Purpose : Arginase 1 (A1) hydrolyzes arginine to form ornithine and urea. Ornithine is further converted to polyamines through ornithine decarboxylase (ODC). We have recently shown that deletion of myeloid A1 exacerbates retinal damage after ischemia/reperfusion (IR) injury whereas PEGylated arginase 1 (PEG-A1) intravitreal treatment is neuroprotective. Furthermore, A1 knockout (KO) macrophages (MΦ) exhibit an increased inflammatory response which is ameliorated with PEG-A1 treatment. This study aimed to examine the utility of systemic PEG-A1 treatment and elucidate the epigenetic mechanisms underlying A1 protection.

Methods : Peritoneal MΦ were isolated from myeloid A1 KO or floxed control mice and treated with lipopolysaccharide (LPS) ± PEG-A1, the ODC inhibitor difluoromethylornithine (DFMO), or the specific HDAC3 inhibitor RGFP966, for 24h. A cohort of WT mice were subjected to retinal IR injury and treated with intraperitoneal PEG-A1 or RGFP966. Retina explants from myeloid A1 KO and control mice were subjected to oxygen-glucose deprivation (OGD – 3h) followed by reoxygenation (R – 21h).

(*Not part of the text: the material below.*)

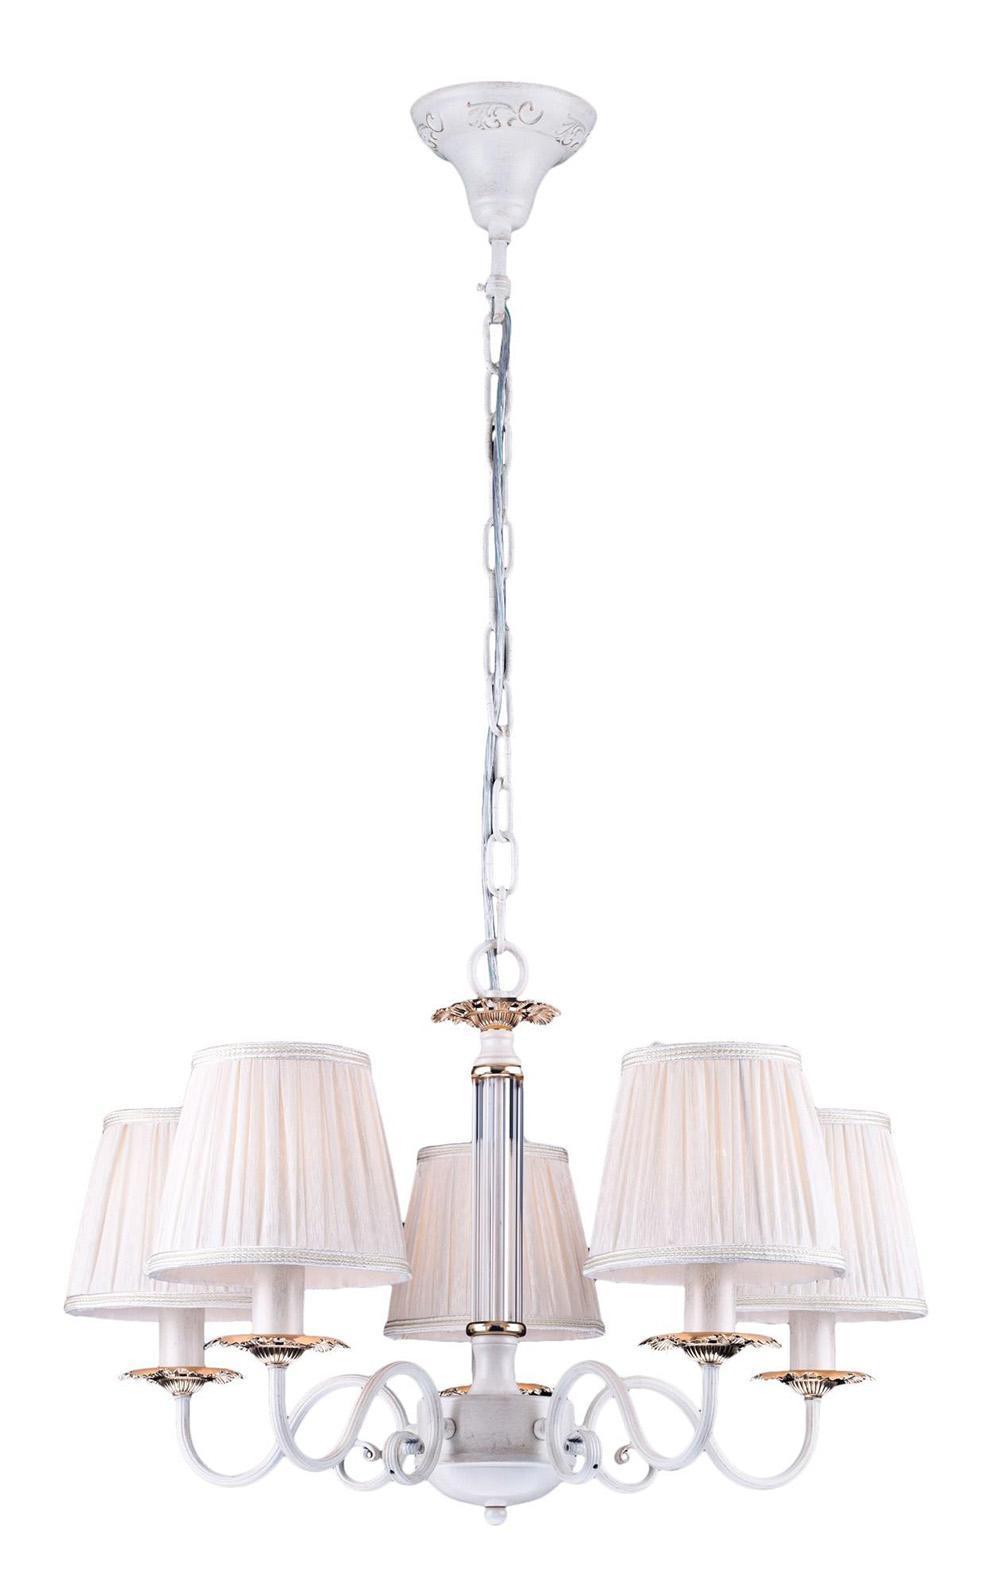 цена на Люстра Arte lamp A2065lm-5wg
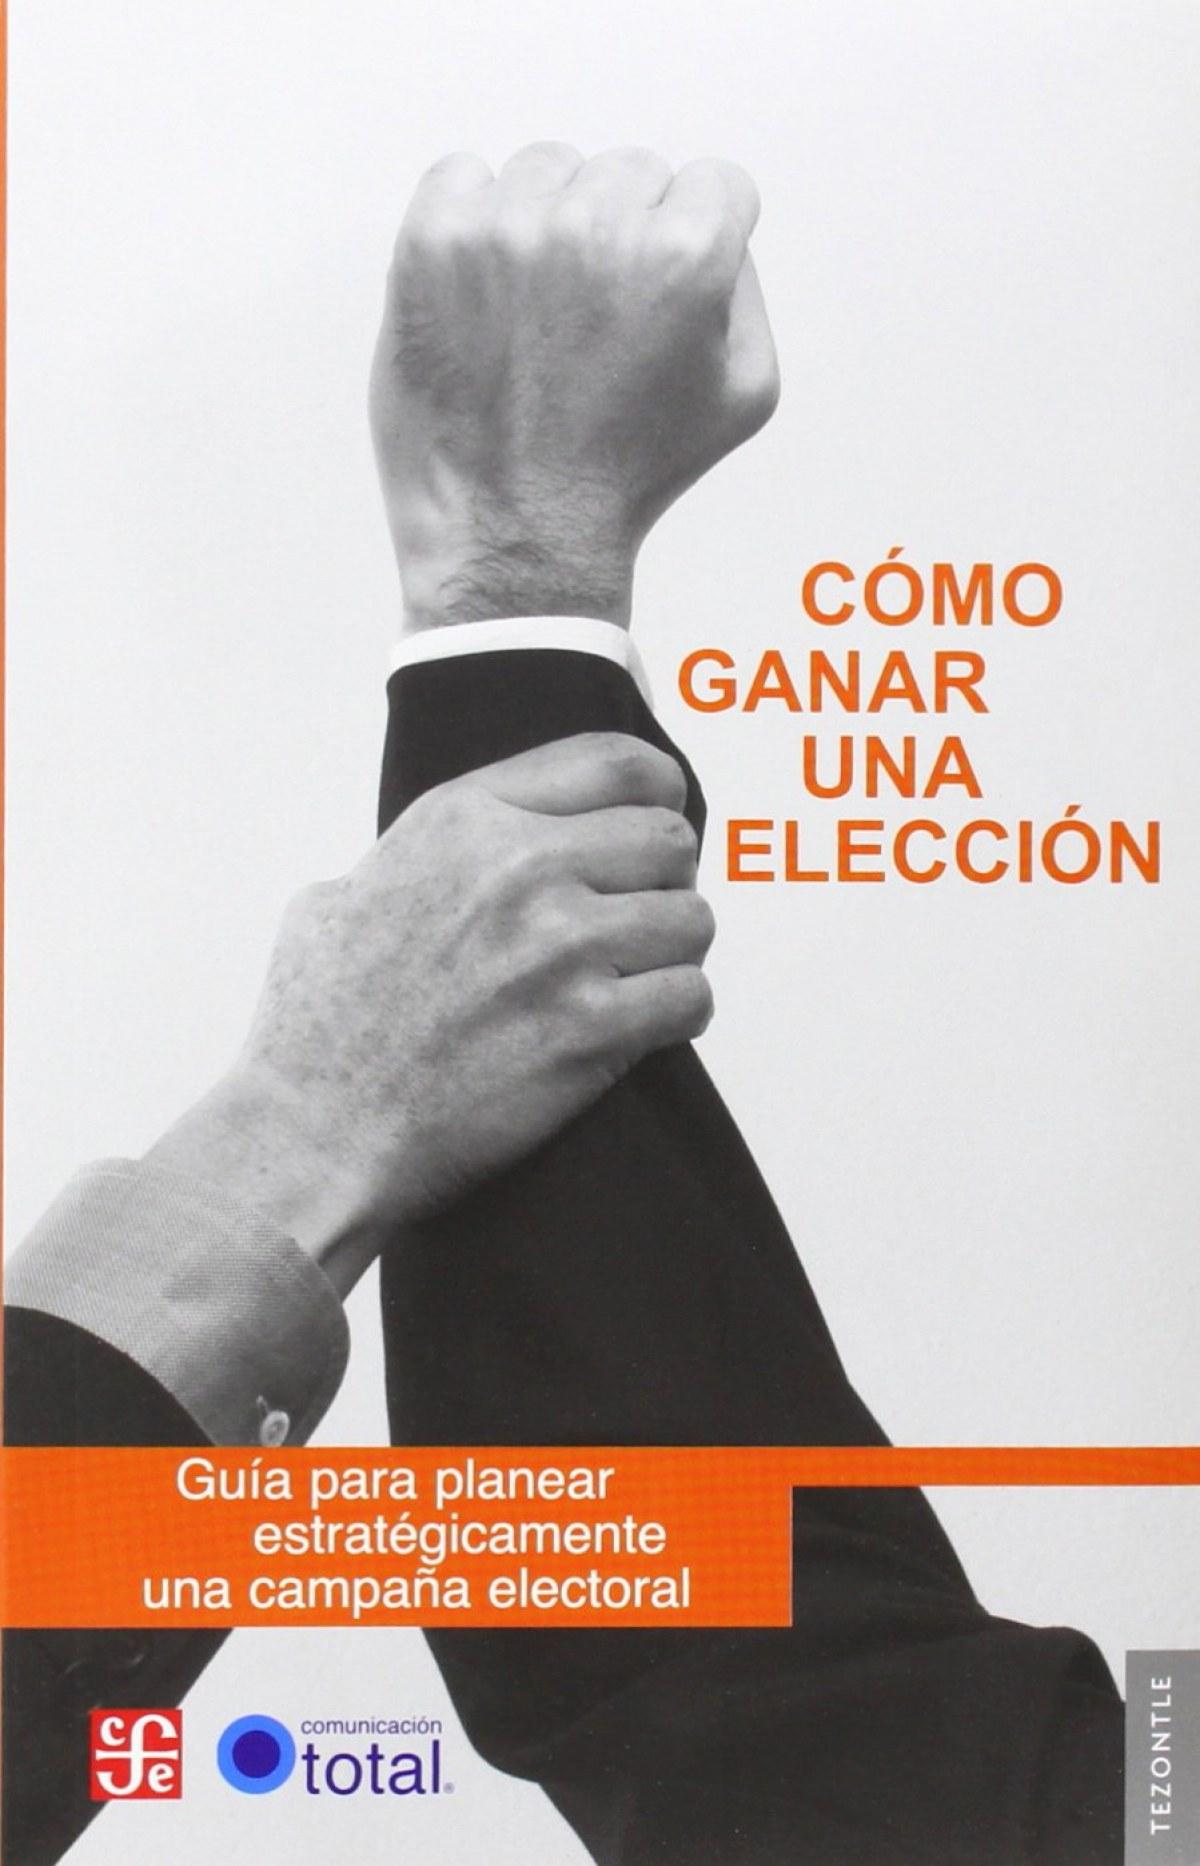 Cómo ganar una elección : Guía para planear estratégicamente una campaña electoral

Results : Screening for HDACs and inflammation showed that A1 deletion or ODC inhibition increased HDAC3 expression and exacerbated the inflammatory response (increasing iNOS, NLRP3, and pro-IL-1β) in LPS-treated MΦ. PEG-A1 treatment dampened the upregulation of HDAC3 and reduced the inflammatory response. HDAC3 inhibition ameliorated the inflammatory response in A1 KO MΦ. In vivo, HDAC3 co-localized with microglia/MΦ at 48 h after IR in WT retinas and was further increased in A1-deficient retinas. HDAC3 inhibition improved neuronal cell survival (76±14% of sham vs vehicle 63±10%, n=7-8, mean±S.D, p=0.07) and prevented retinal thinning n=3. Systemic PEG-A1 treatment was neuroprotective (62.4±21% vs vehicle 39.2±12.9%, n=6-8, mean±S.D, p=0.03) and successfully crossed the blood-retina barrier in the injured eye after IR but not the sham eye (n=3). Unlike our previous in vivo data, retina explants from myeloid A1 KO mice showed neurodegeneration similar to the control retinas after OGD, suggesting an important role of A1 in infiltrating myeloid cells in vivo.

Conclusions : A1 mediates its anti-inflammatory effects via ODC-mediated suppression of HDAC3, which is a central player in the MΦ inflammatory response. Systemic PEG-A1 administration provides an excellent route to deliver the drug to the retina after acute ischemic injury.

This is a 2020 ARVO Annual Meeting abstract.